I have a data frame of tweets and I'm trying to calculate Tf-Idf on the lemmatized 'tweet' column. I have a problem with the results of the lemmatization and I'm getting an error when trying to calculate the Tf-Idf.
Below is my code:
w_tokenizer = nltk.tokenize.WhitespaceTokenizer()
lemmatizer=WordNetLemmatizer()
def lemmatize_text(tweet):
return [lemmatizer.lemmatize(w) for w in w_tokenizer.tokenize(tweet)]
df['tweet_lemmatized'] = df['tweet'].apply(lemmatize_text)
This is an example of the data frame with the new column 'tweet_lemmatized':
target tweet_lemmatized
0 [believe, department, year, released, hoping]
1 [huge, expected, tomorrow, night, beginning]
It didn't work well because there are words like 'hoping', 'beginning' in the column.
My first question- How can I improve the lemmatization?
Now I want to calculate the Tf- Idf for this column and produce new columns in my data frame with the top words.
This is my code for the Tf-Idf: I want to add the top words to my original data frame 'df'.

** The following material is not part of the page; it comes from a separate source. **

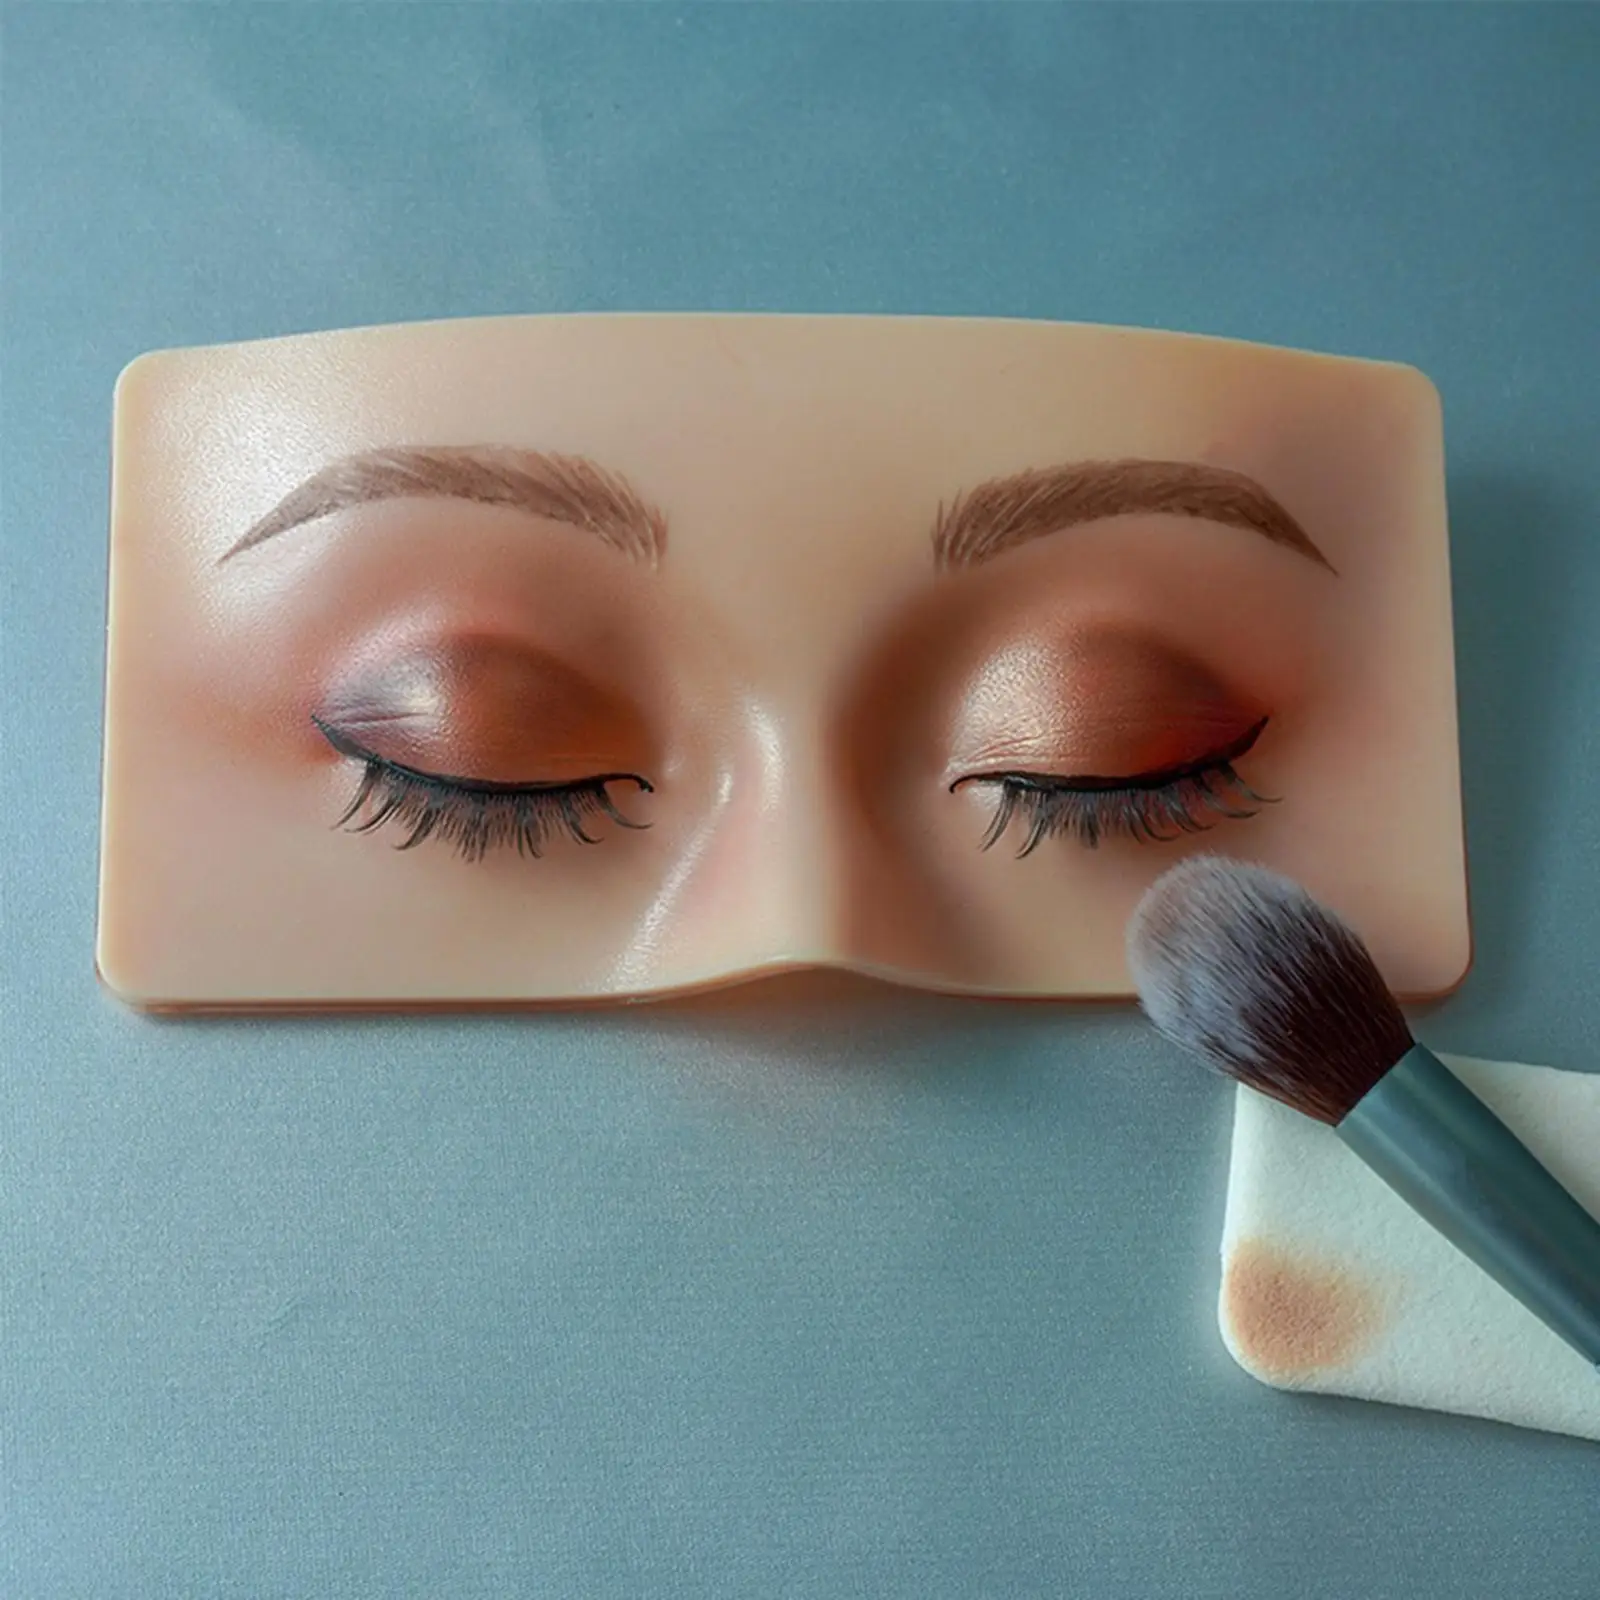 3D Makeup Practice face Reusable Practice Eyesmakeup for Training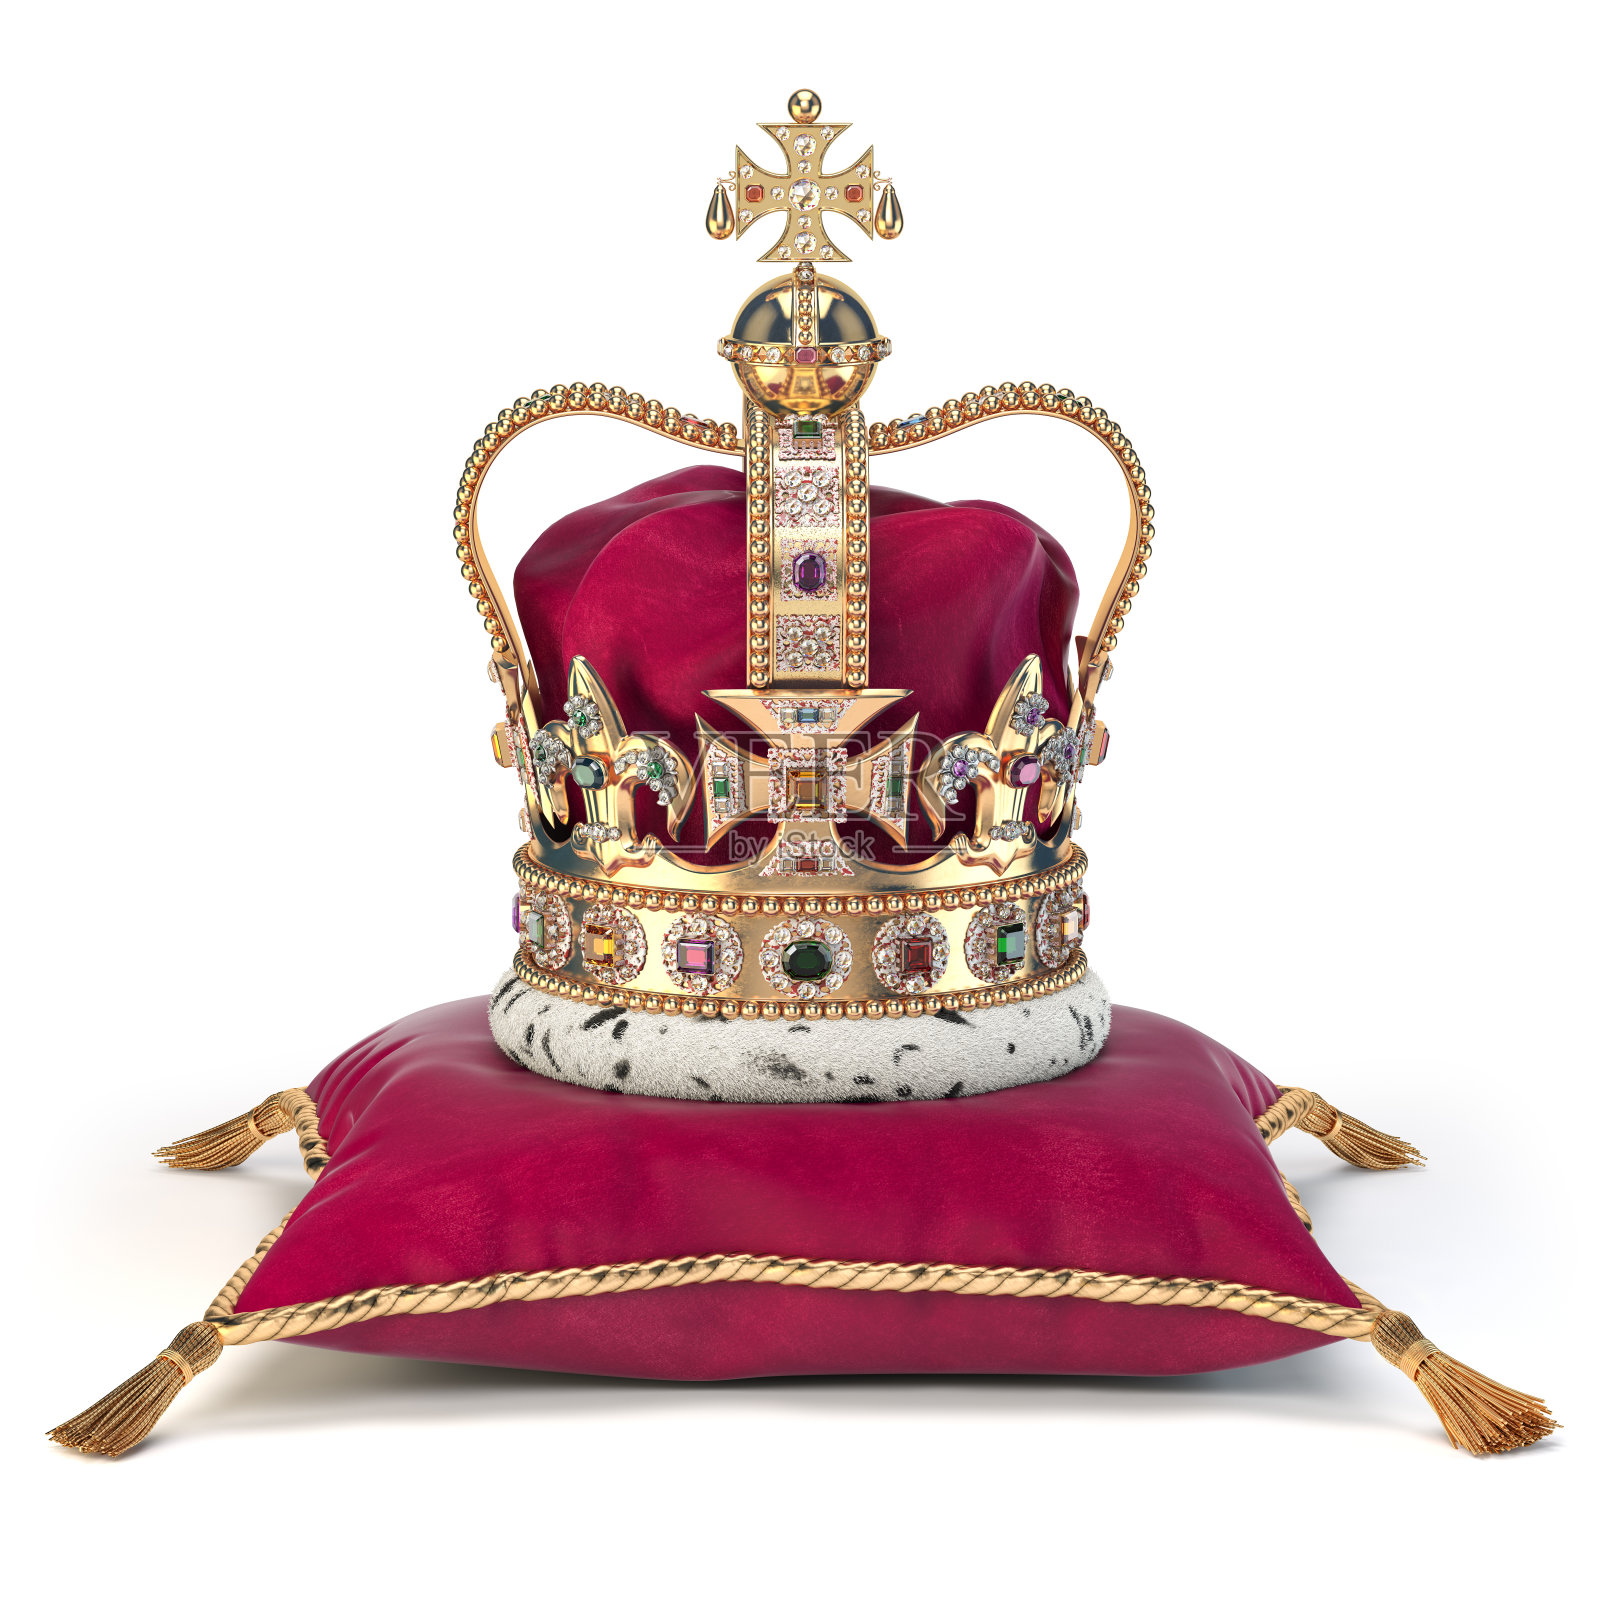 加冕礼上的金色皇冠，红色天鹅绒枕头。王室是英国君主制的象征。照片摄影图片

from sklearn.feature_extraction.text import TfidfVectorizer, ENGLISH_STOP_WORDS
tfidf= TfidfVectorizer(ngram_range=(1,2), max_features=100,
stop_words=ENGLISH_STOP_WORDS).fit(df.tweet_lemmatized)
tfidf_tweet = tfidf.transform(df.tweet_lemmatized)
result=pd.DataFrame(tfidf_tweet.toarray(), columns=tfidf.get_feature_names())
This is the error I got:
AttributeError: 'list' object has no attribute 'lower'
TfidfVectorizer.fit
takes string input not list(your df.tweet_lemmatized
data should contain strings not lists).
For the better lemmatization, you can use nltk.pos_tag
to get parts of speech and then lemmatize words based on their tag, for example:
lemmatizer.lemmatize(word, 'v')
This way it will lemmatize word
considering it is a verb.